§ What you have to do: The following data is to be repeated exactly, its pictures excluded.

§ Provided material:
⟨

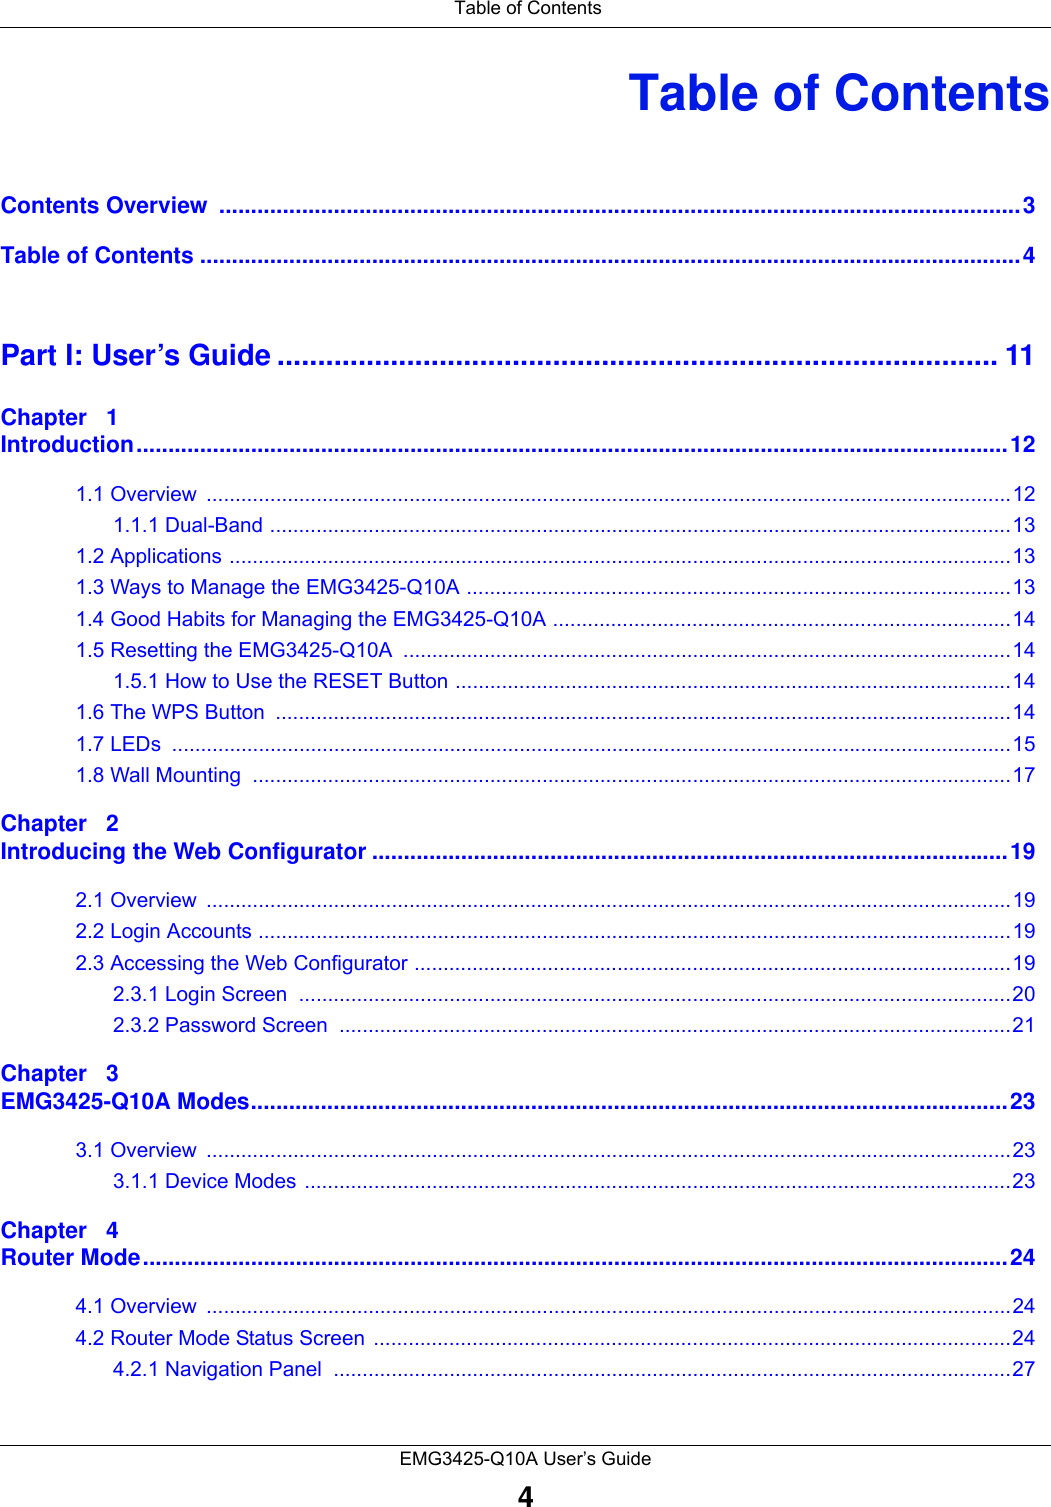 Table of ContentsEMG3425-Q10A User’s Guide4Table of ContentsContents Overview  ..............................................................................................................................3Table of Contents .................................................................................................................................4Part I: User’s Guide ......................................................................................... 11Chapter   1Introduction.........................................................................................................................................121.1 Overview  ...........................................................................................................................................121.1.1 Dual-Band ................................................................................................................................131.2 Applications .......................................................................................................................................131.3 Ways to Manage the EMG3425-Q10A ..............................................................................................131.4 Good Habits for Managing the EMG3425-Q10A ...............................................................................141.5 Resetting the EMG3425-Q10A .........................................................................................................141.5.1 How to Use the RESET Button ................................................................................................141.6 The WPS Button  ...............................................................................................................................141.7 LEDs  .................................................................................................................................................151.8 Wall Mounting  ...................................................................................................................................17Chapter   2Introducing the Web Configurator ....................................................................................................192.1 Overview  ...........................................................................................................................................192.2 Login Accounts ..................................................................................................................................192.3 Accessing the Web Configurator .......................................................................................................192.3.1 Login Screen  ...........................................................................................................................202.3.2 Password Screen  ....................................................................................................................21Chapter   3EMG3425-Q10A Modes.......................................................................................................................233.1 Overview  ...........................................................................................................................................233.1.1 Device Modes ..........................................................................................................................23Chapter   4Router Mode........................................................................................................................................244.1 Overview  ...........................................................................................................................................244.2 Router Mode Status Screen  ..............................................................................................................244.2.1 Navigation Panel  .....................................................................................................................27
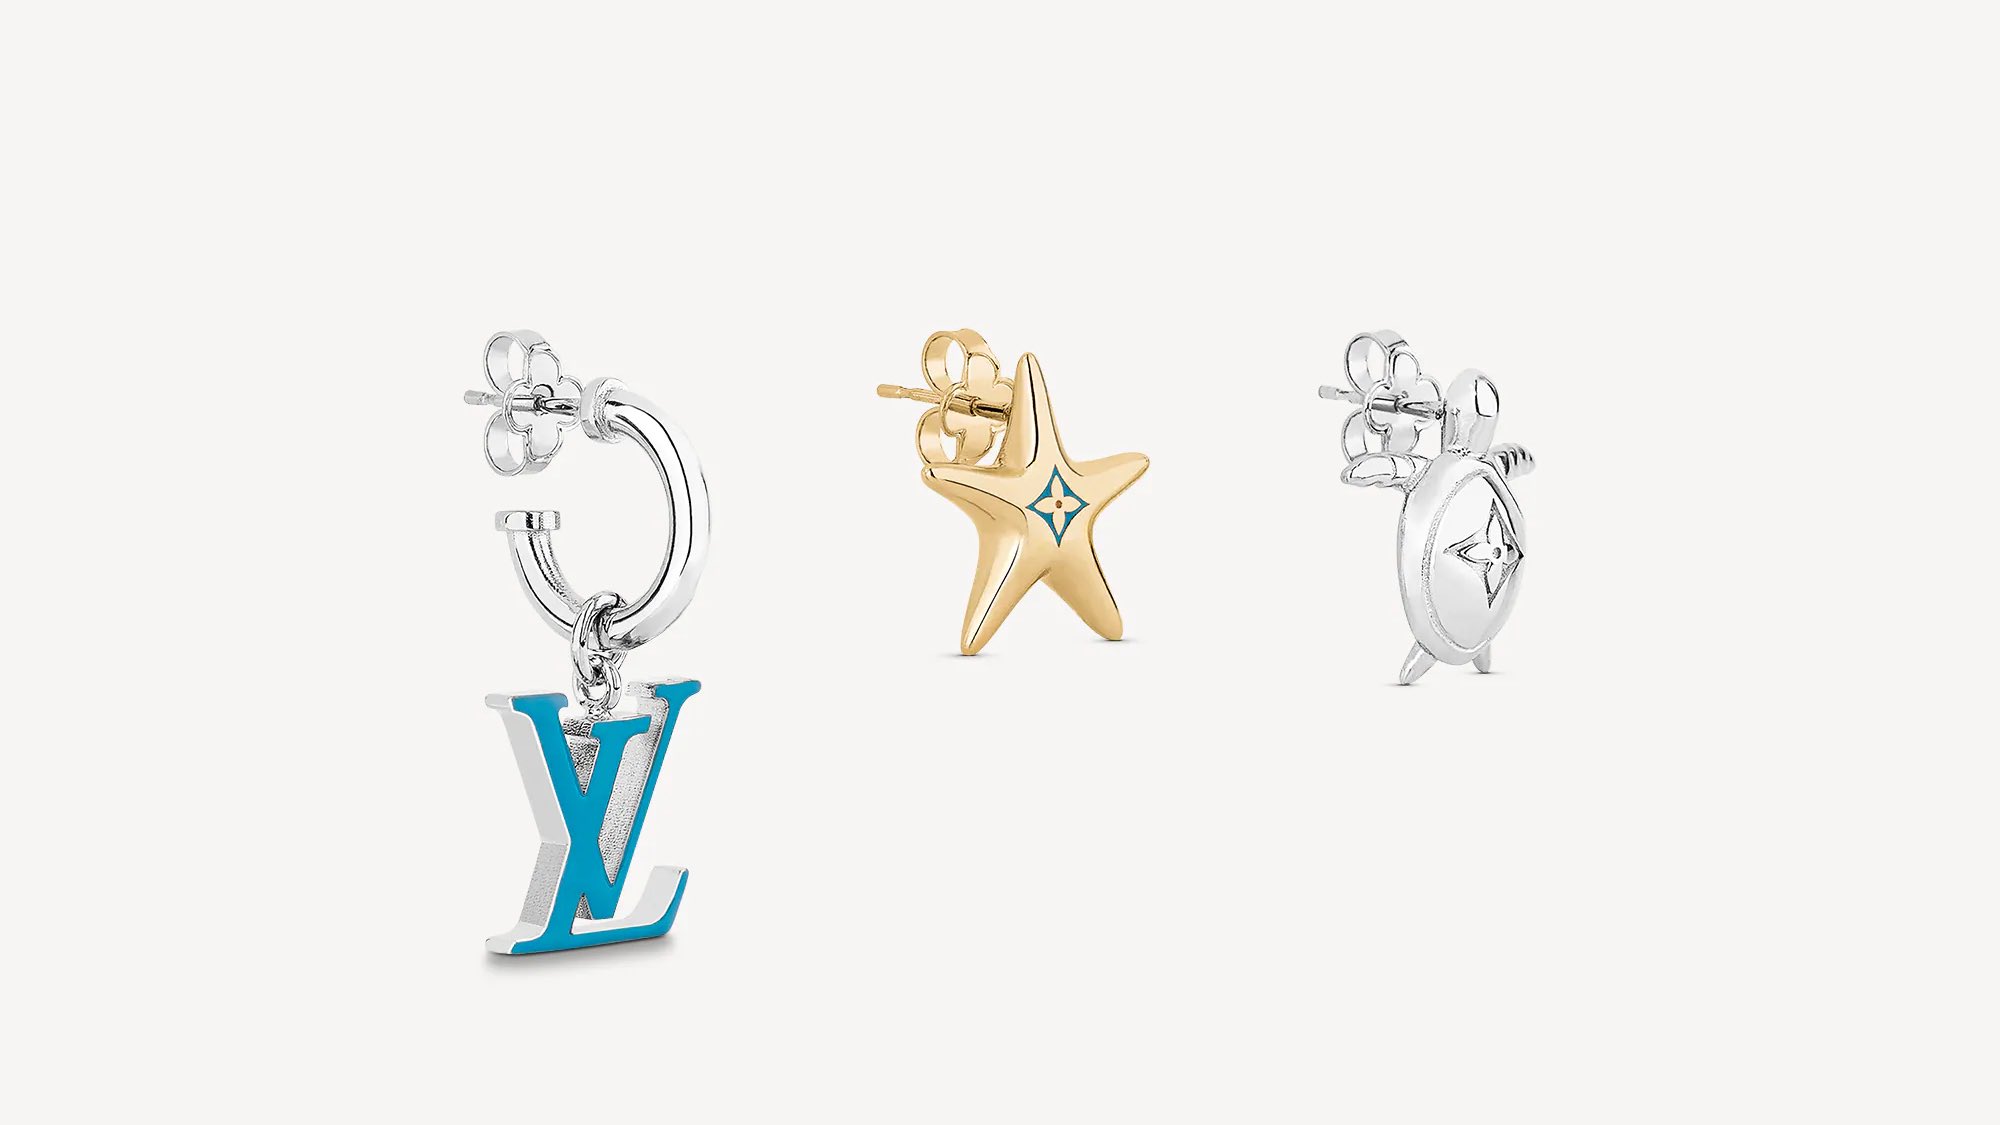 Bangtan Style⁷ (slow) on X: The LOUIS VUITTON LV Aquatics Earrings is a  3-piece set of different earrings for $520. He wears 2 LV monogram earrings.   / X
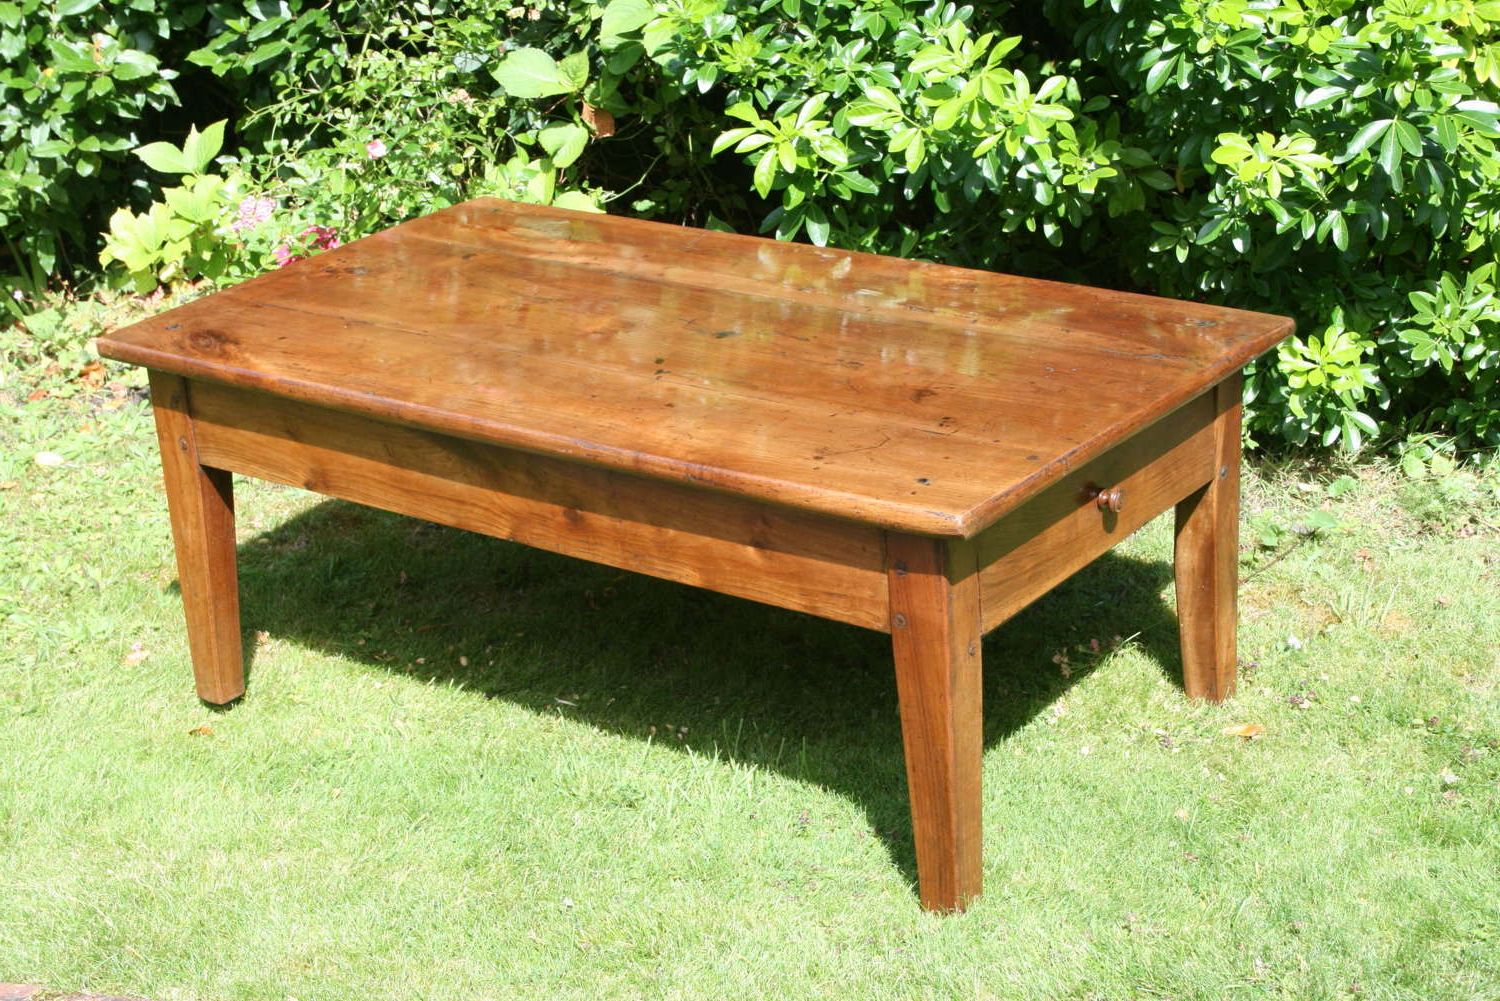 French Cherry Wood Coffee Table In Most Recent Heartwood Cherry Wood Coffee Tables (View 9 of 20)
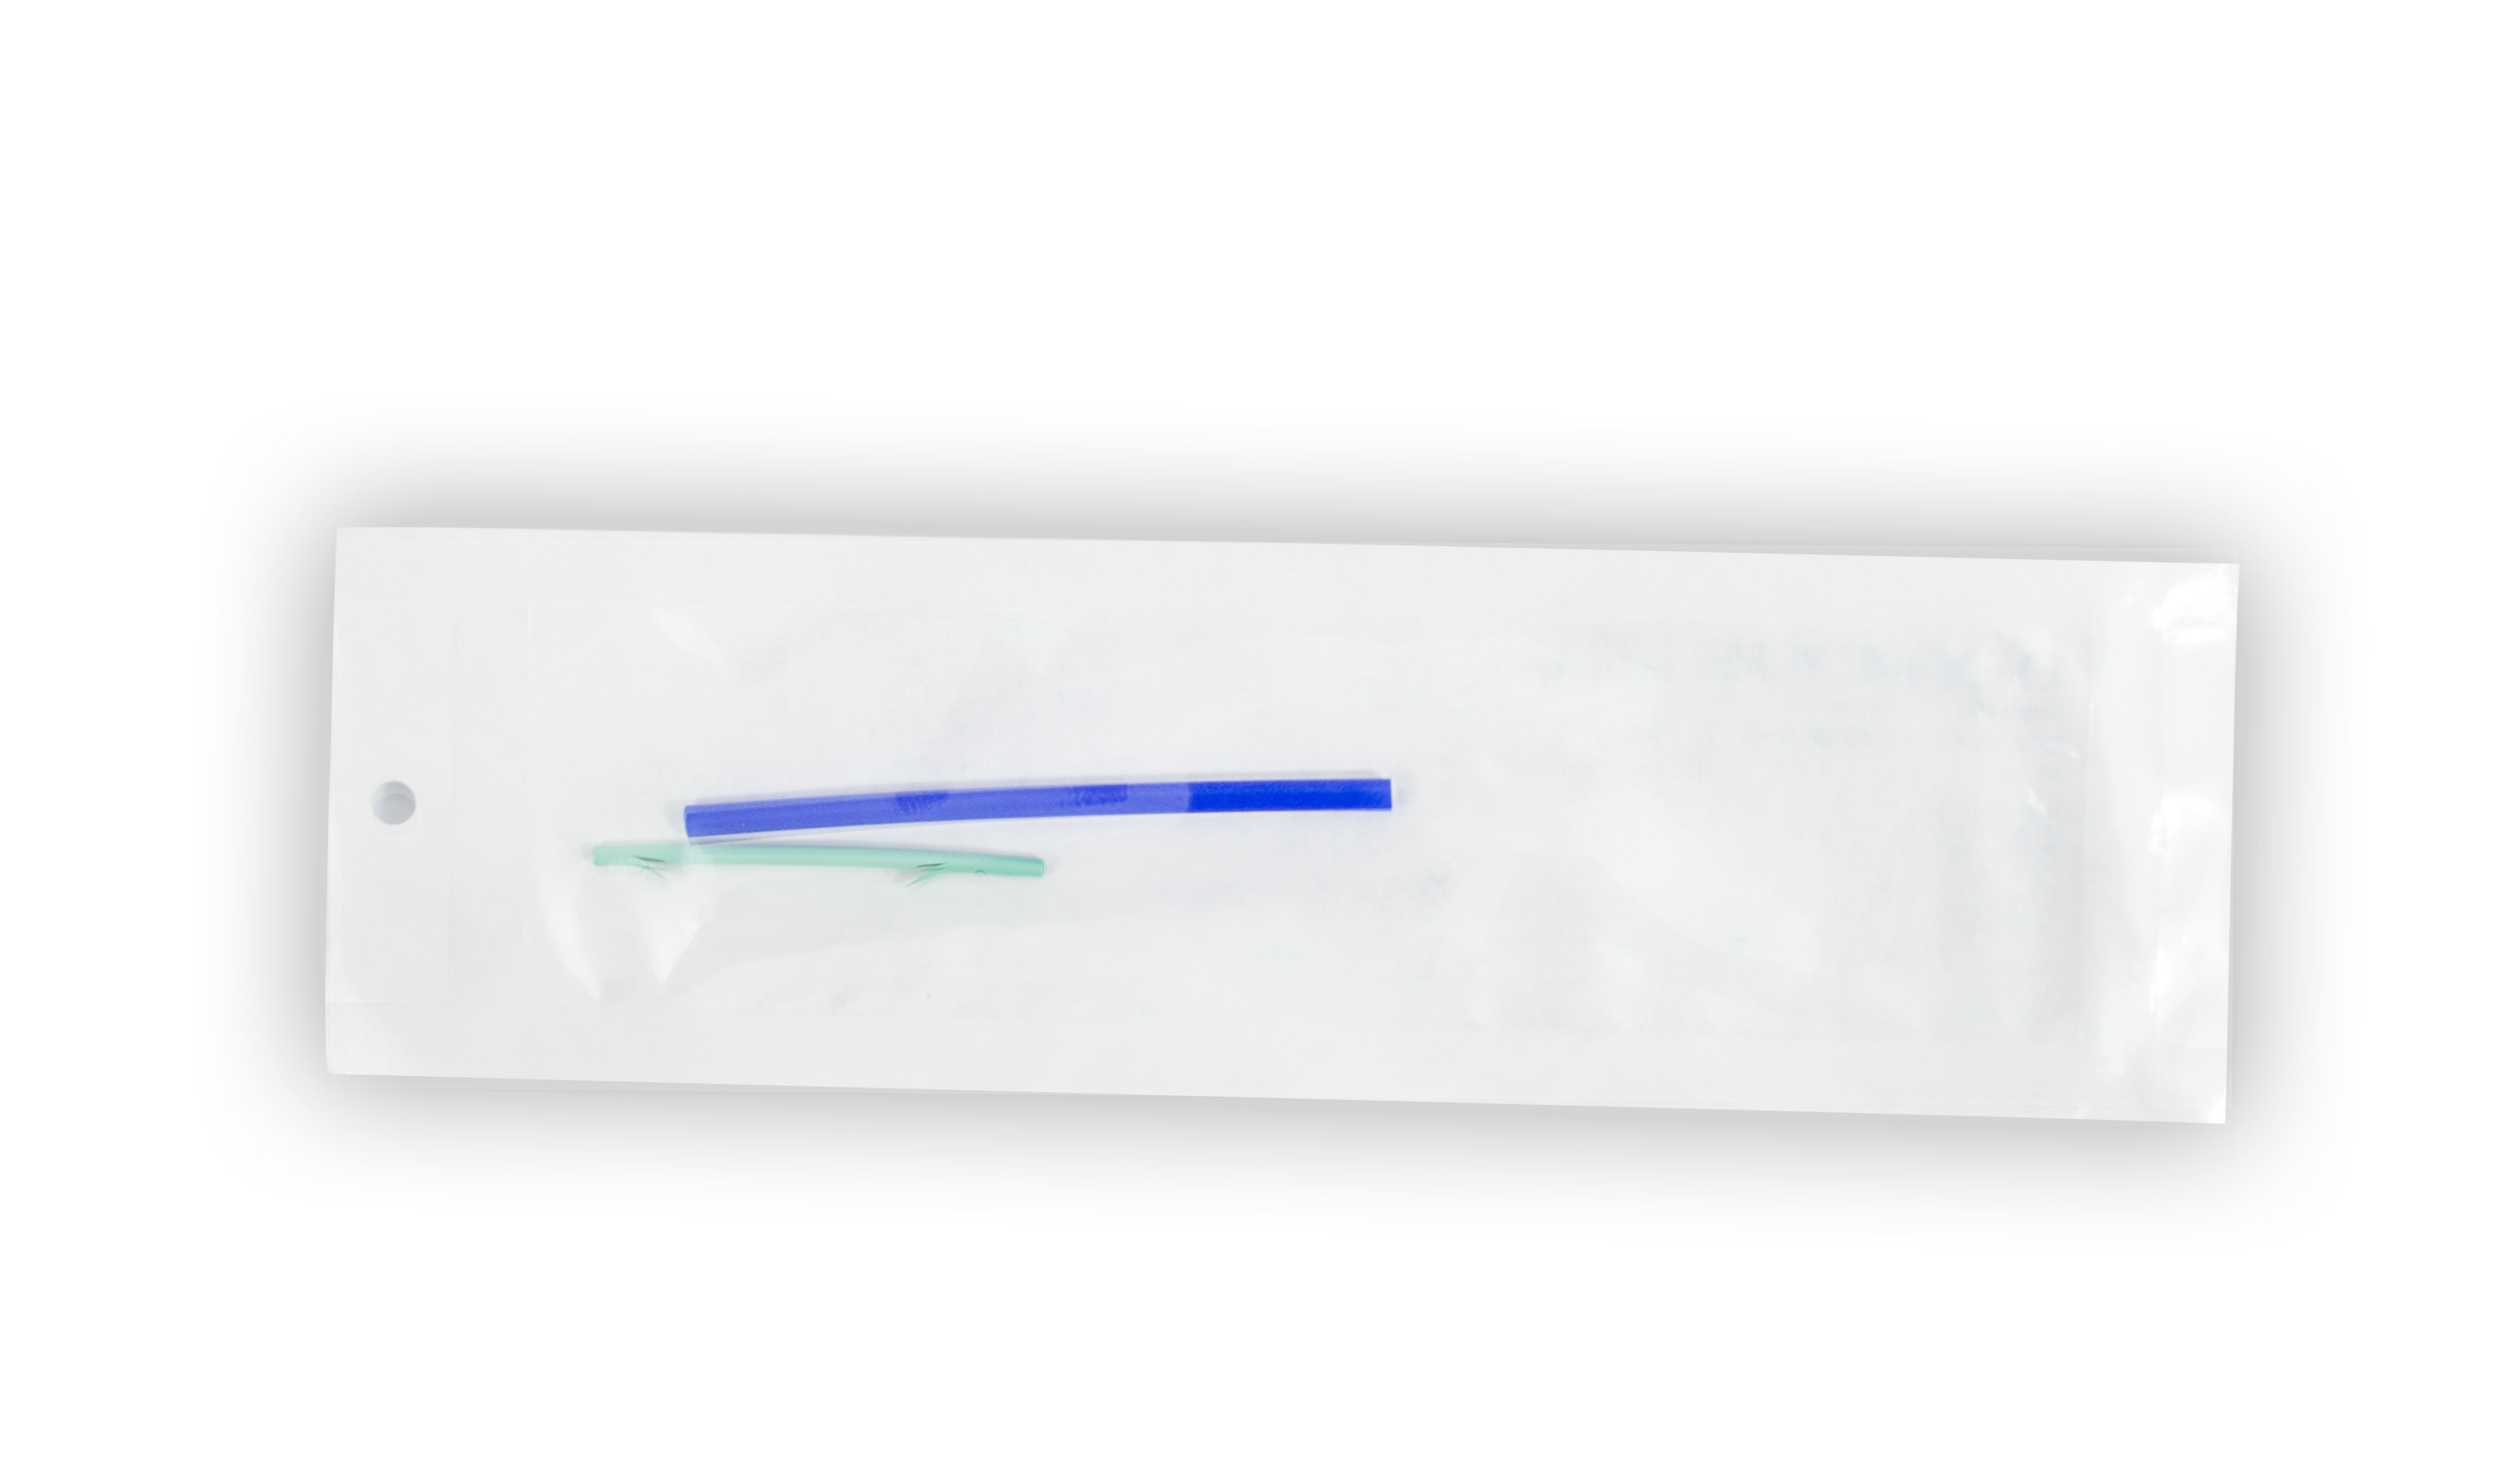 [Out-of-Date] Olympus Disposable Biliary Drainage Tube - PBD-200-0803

⟩

§ Reply:
 Table of ContentsEMG3425-Q10A User’s Guide4Table of ContentsContents Overview  ..............................................................................................................................3Table of Contents .................................................................................................................................4Part I: User’s Guide ......................................................................................... 11Chapter   1Introduction.........................................................................................................................................121.1 Overview  ...........................................................................................................................................121.1.1 Dual-Band ................................................................................................................................131.2 Applications .......................................................................................................................................131.3 Ways to Manage the EMG3425-Q10A ..............................................................................................131.4 Good Habits for Managing the EMG3425-Q10A ...............................................................................141.5 Resetting the EMG3425-Q10A .........................................................................................................141.5.1 How to Use the RESET Button ................................................................................................141.6 The WPS Button  ...............................................................................................................................141.7 LEDs  .................................................................................................................................................151.8 Wall Mounting  ...................................................................................................................................17Chapter   2Introducing the Web Configurator ....................................................................................................192.1 Overview  ...........................................................................................................................................192.2 Login Accounts ..................................................................................................................................192.3 Accessing the Web Configurator .......................................................................................................192.3.1 Login Screen  ...........................................................................................................................202.3.2 Password Screen  ....................................................................................................................21Chapter   3EMG3425-Q10A Modes.......................................................................................................................233.1 Overview  ...........................................................................................................................................233.1.1 Device Modes ..........................................................................................................................23Chapter   4Router Mode........................................................................................................................................244.1 Overview  ...........................................................................................................................................244.2 Router Mode Status Screen  ..............................................................................................................244.2.1 Navigation Panel  .....................................................................................................................27
 Bangtan Style⁷ (slow) on X: The LOUIS VUITTON LV Aquatics Earrings is a  3-piece set of different earrings for $520. He wears 2 LV monogram earrings.   / X
 French Cherry Wood Coffee Table In Most Recent Heartwood Cherry Wood Coffee Tables (View 9 of 20)
 [Out-of-Date] Olympus Disposable Biliary Drainage Tube - PBD-200-0803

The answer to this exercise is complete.